Molecular epidemiology of HTLV-II among United States blood donors and intravenous drug users: an age-cohort effect for HTLV-II RFLP type aO.

Pubmed ID: 9514966

Journal: Virology

Publication Date: March 15, 1998

Affiliation: Department of Laboratory Medicine, University of California San Francisco 94143, USA. murphy@labmed.ucsf.edu

MeSH Terms: Humans, Male, Adult, Female, Aged, Risk Factors, United States, Cohort Studies, Adolescent, Age Factors, Middle Aged, Blood Donors, Polymerase Chain Reaction, HTLV-II Infections, Human T-lymphotropic virus 2, Substance Abuse, Intravenous, Phylogeny, Molecular Epidemiology, Polymorphism, Restriction Fragment Length, Indians, North American, Sequence Analysis, Ethnicity

Grants: N01-HB-47114, N01-HB-97078, N01-HB-97077

Authors: Murphy EL, Gessain A, Mahieux R, de Thé G, Tekaia F, Ameti D, Horton J

Cite As: Murphy EL, Mahieux R, de Thé G, Tekaia F, Ameti D, Horton J, Gessain A. Molecular epidemiology of HTLV-II among United States blood donors and intravenous drug users: an age-cohort effect for HTLV-II RFLP type aO. Virology 1998 Mar 15;242(2):425-34.

Studies:

Abstract

Molecular subtyping was used to investigate the epidemiology of human T-lymphotropic virus type II (HTLV-II) in the United States.
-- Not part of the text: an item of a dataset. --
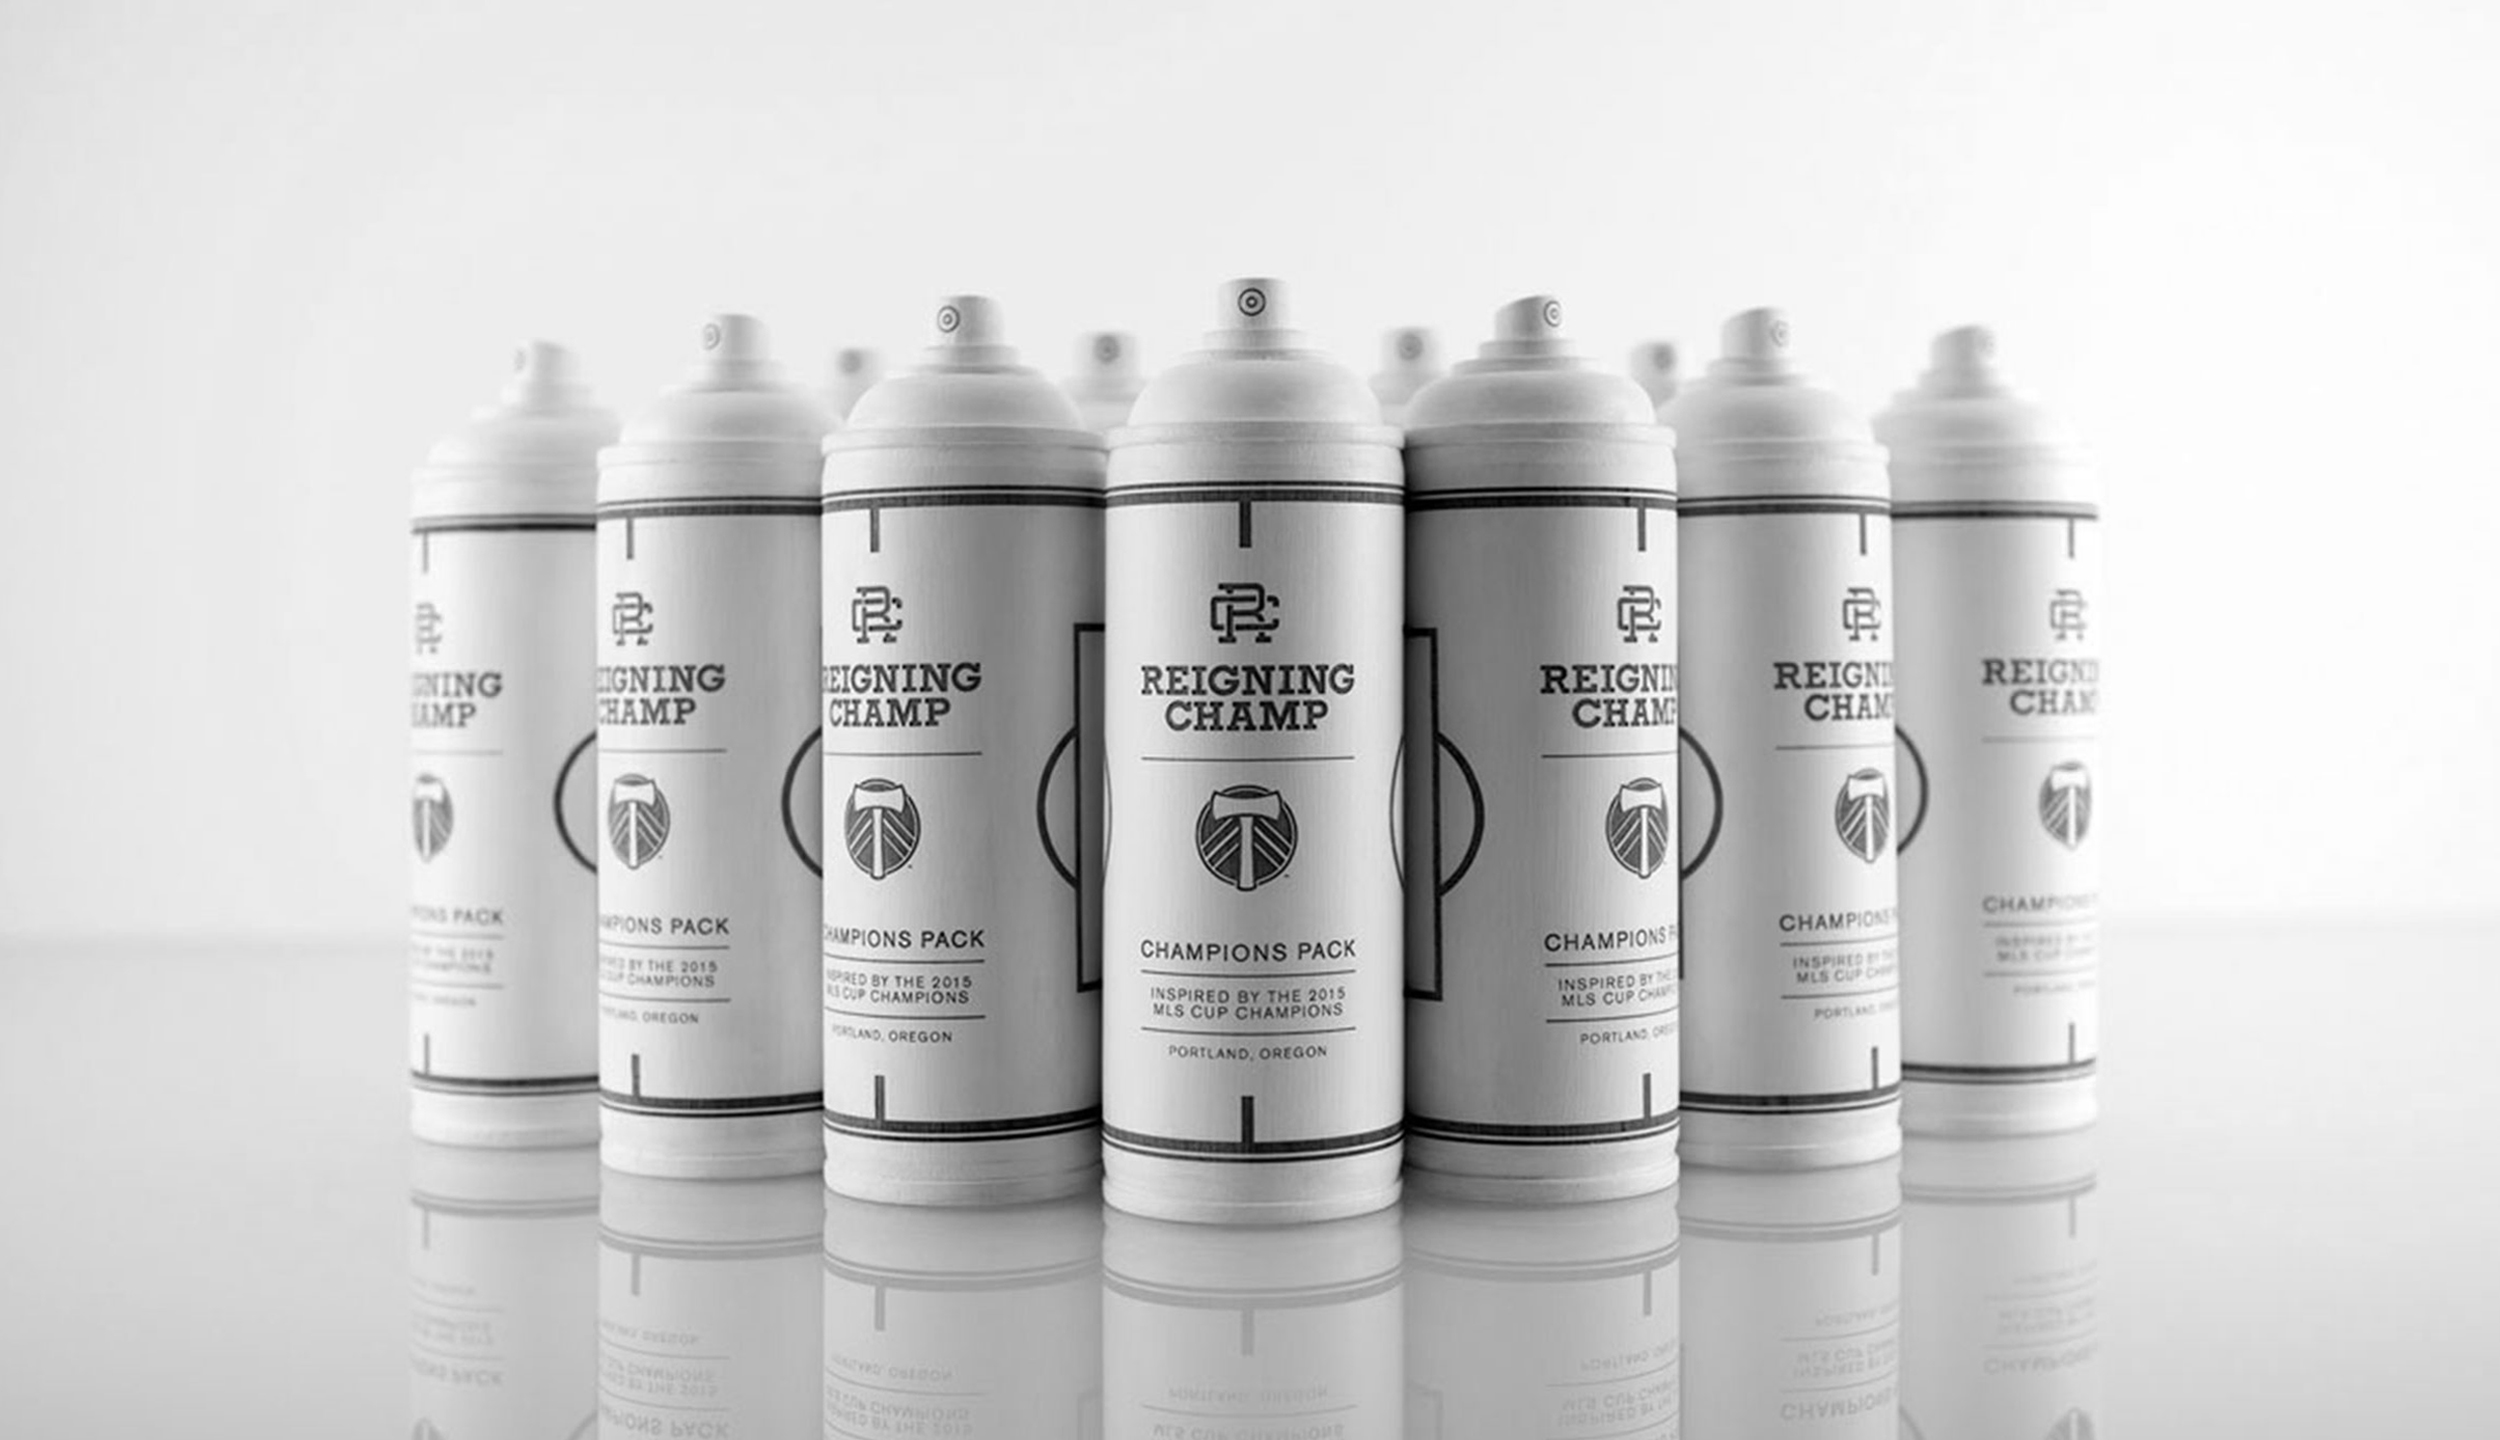 AntonioBrasko-ReigningChamp-PortlandTimbers-ChampionsPack-MLS-Soccer-SprayPaint-Art-Design-Graffiti 1.jpg

Nested polymerase chain reaction of the HTLV-II long terminal repeat region followed by restriction fragment length polymorphism (RFLP) analysis was performed on HTLV-II seropositive subjects including 97 U.S. blood donors without major risk factors for HTLV-II infection, 53 injection drug users (IDU), and 10 American Indian blood donors. Three new HTLV-II RFLP types were confirmed with DNA sequencing and phylogenetic analysis. HTLV-II RFLP type aO (Switzer classification) was associated with older age [adjusted odds ratio (OR) 1.06 per year of age, 95% confidence interval (CI) 1.02-1.09] and with Black (OR 5.24, 95% CI 1.90-14.47) and White (OR 4.43, 95% CI 1.67-11.75) race/ethnicity. These data are consistent with an age-cohort effect for HTLV-II RFLP type aO among older White and Black IDU and blood donors. This finding could be explained by an epidemic of non-aO HTLV-II RFLP types among younger persons of Hispanic and other race/ethnicity, superimposed upon endemic HTLV-II RFLP type aO among older Black and White persons.